Re: Zedstore - compressed in-core columnar storage

Поиск
Список
Период
Сортировка
От Heikki Linnakangas
Тема Re: Zedstore - compressed in-core columnar storage
Дата
Msg-id b9af4752-a844-f97b-8f08-dd483b5e6070@iki.fi
обсуждение исходный текст
Ответ на Re: Zedstore - compressed in-core columnar storage  (Ashwin Agrawal <aagrawal@pivotal.io>)
Ответы Re: Zedstore - compressed in-core columnar storage  (Ashutosh Sharma <ashu.coek88@gmail.com>)
Список pgsql-hackers
On 14/08/2019 20:32, Ashwin Agrawal wrote:
> On Wed, Aug 14, 2019 at 2:51 AM Ashutosh Sharma wrote:
>> 2) Is there a chance that IndexOnlyScan would ever be required for
>>    zedstore tables considering the design approach taken for it?
> 
> We have not given much thought to IndexOnlyScans so far. But I think
> IndexOnlyScan definitely would be beneficial for zedstore as
> well. Even for normal index scans as well, fetching as many columns
> possible from Index itself and only getting rest of required columns
> from the table would be good for zedstore. It would help to further
> cut down IO. Ideally, for visibility checking only TidTree needs to be
> scanned and visibility checked with the same, so the cost of checking
> is much lower compared to heap (if VM can't be consulted) but still is
> a cost. Also, with vacuum, if UNDO log gets trimmed, the visibility
> checks are pretty cheap. Still given all that, having VM type thing to
> optimize the same further would help.

Hmm, yeah. An index-only scan on a zedstore table could perform the "VM 
checks" by checking the TID tree in the zedstore. It's not as compact as 
the 2 bits per TID in the heapam's visibility map, but it's pretty good.

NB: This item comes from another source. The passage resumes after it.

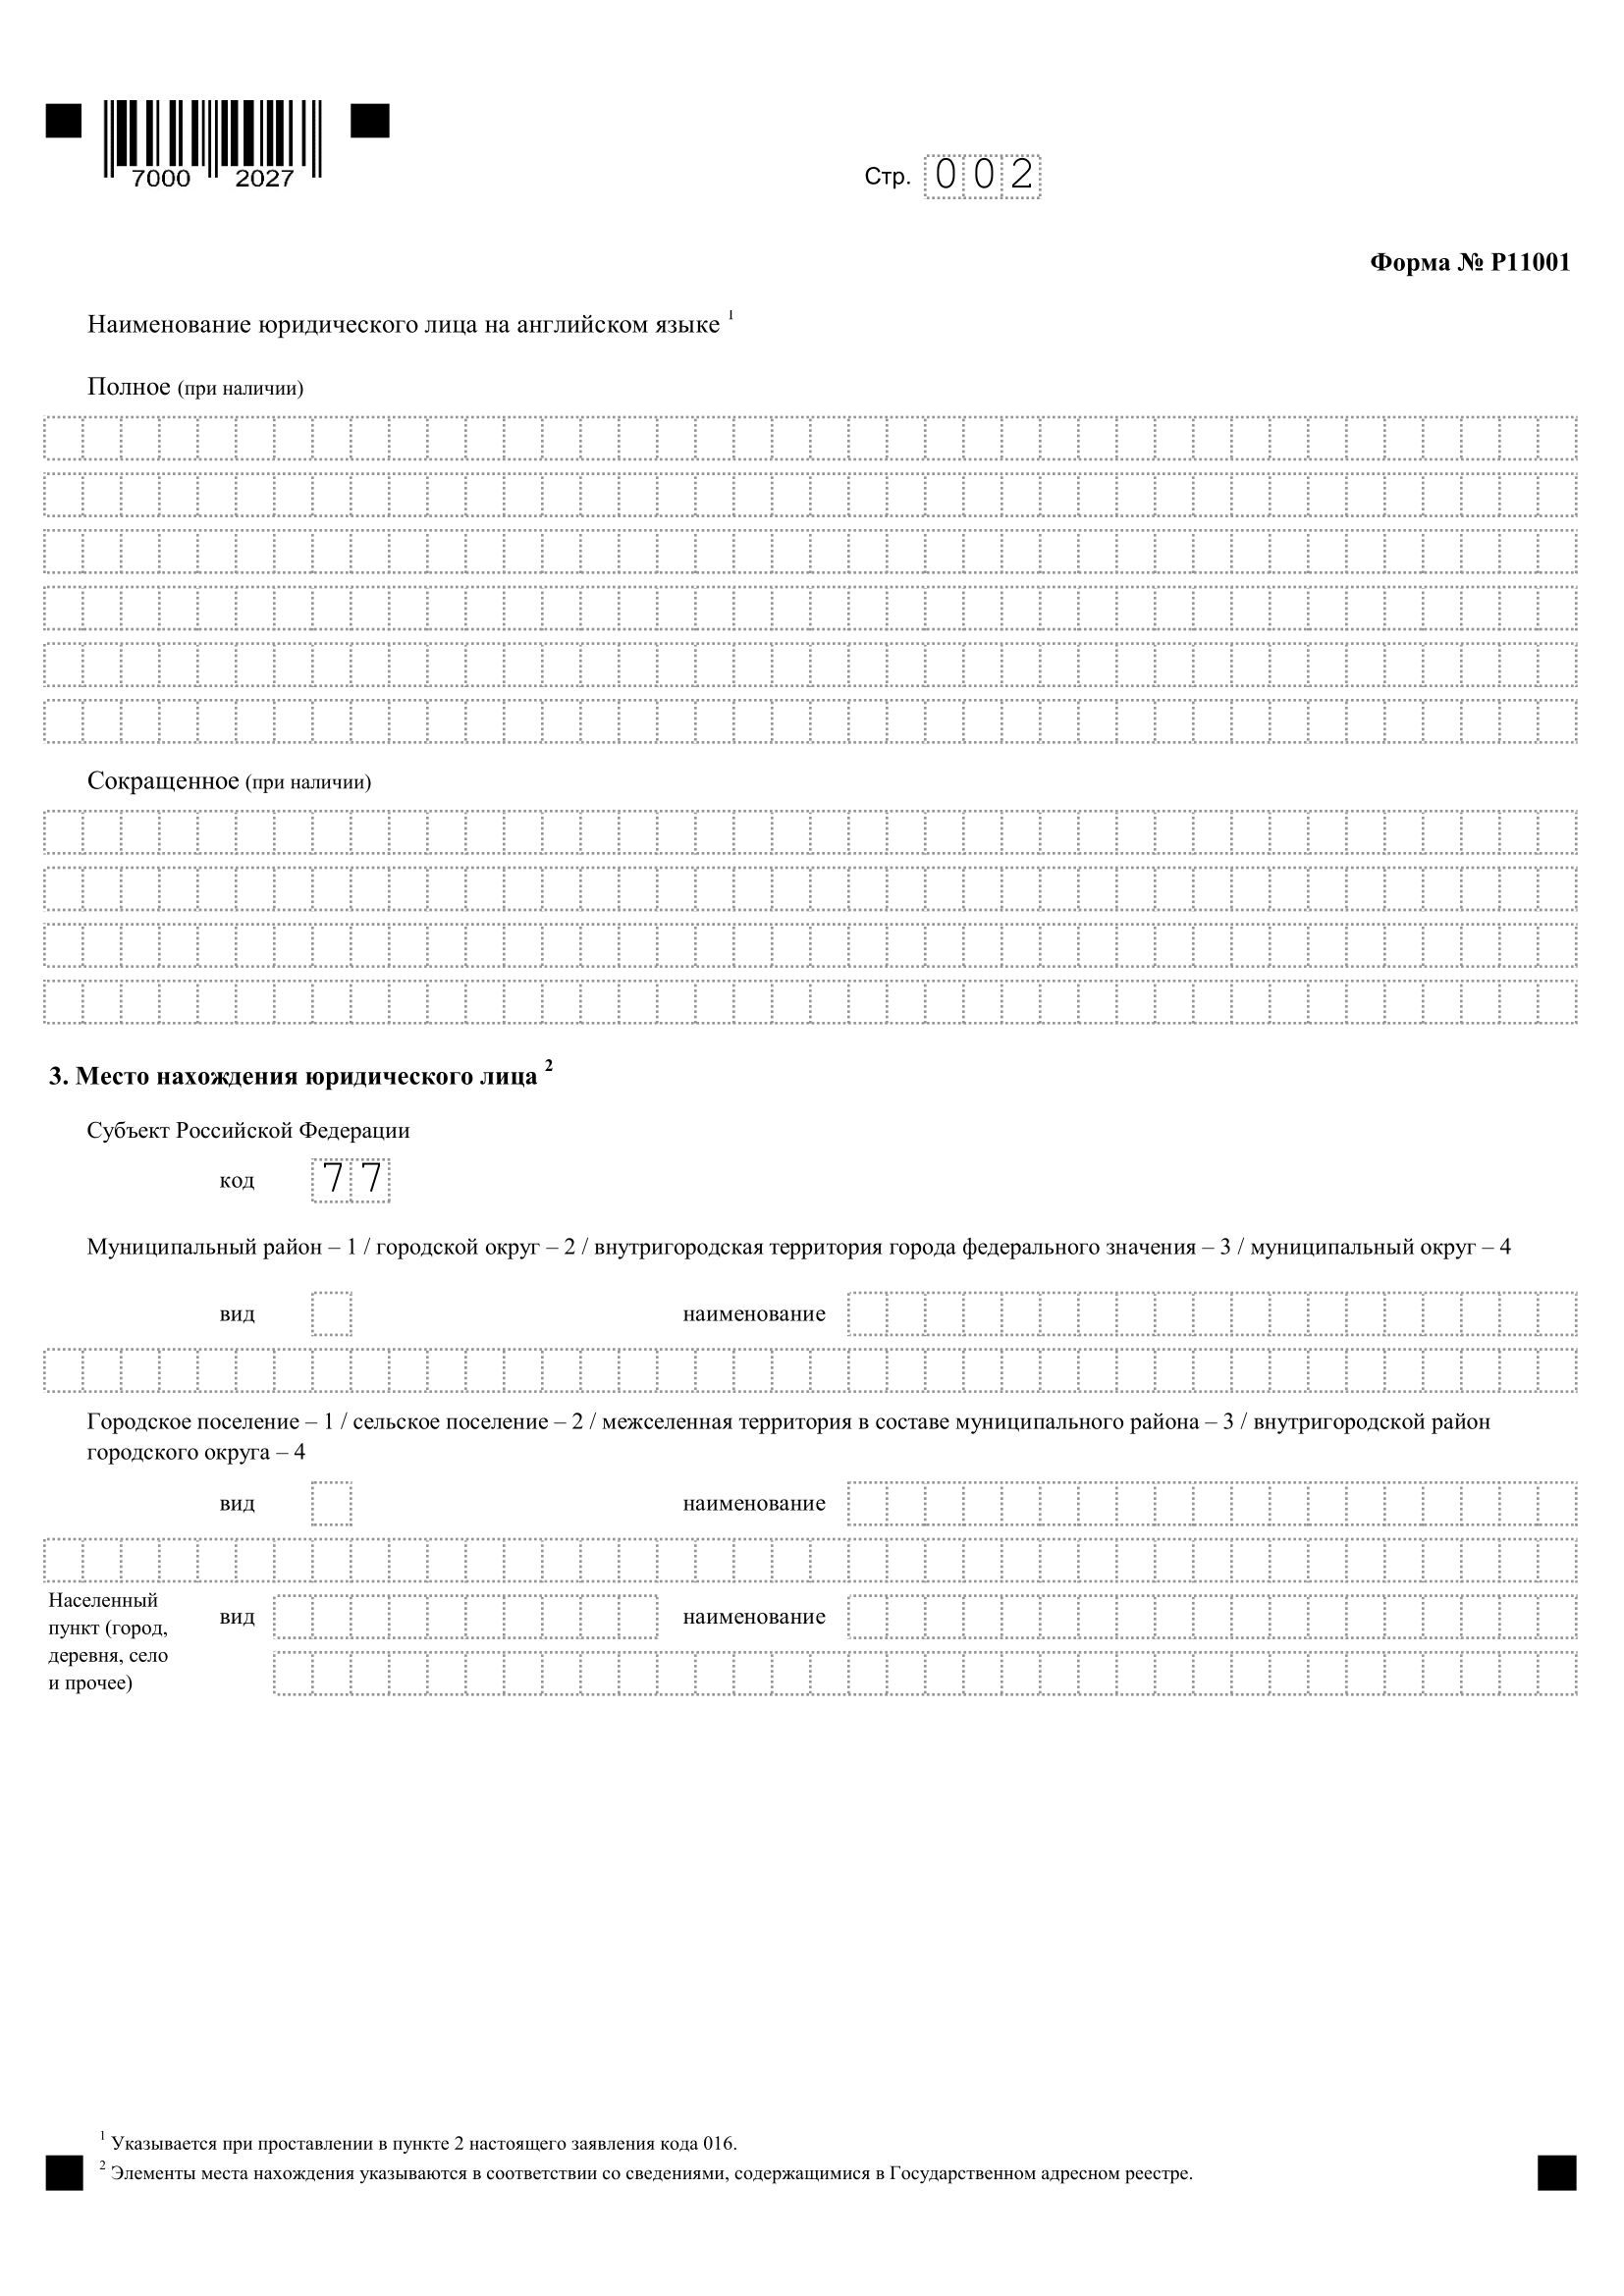 форма р11001 образец заполнения с одним учредителем, страница 2

>> Further, I tried creating a zedstore table with btree index on one of
>> it's column and loaded around 50 lacs record into the table. When the
>> indexed column was scanned (with enable_seqscan flag set to off), it
>> went for IndexOnlyScan and that took around 15-20 times more than it
>> would take for IndexOnly Scan on heap table just because IndexOnlyScan
>> in zedstore always goes to heap as the visibility check fails.

Currently, an index-only scan on zedstore should be pretty much the same 
speed as a regular index scan. All the visibility checks will fail, and 
you end up fetching every row from the table, just like a regular index 
scan. So I think what you're seeing is that the index fetches on a 
zedstore table is much slower than on heap.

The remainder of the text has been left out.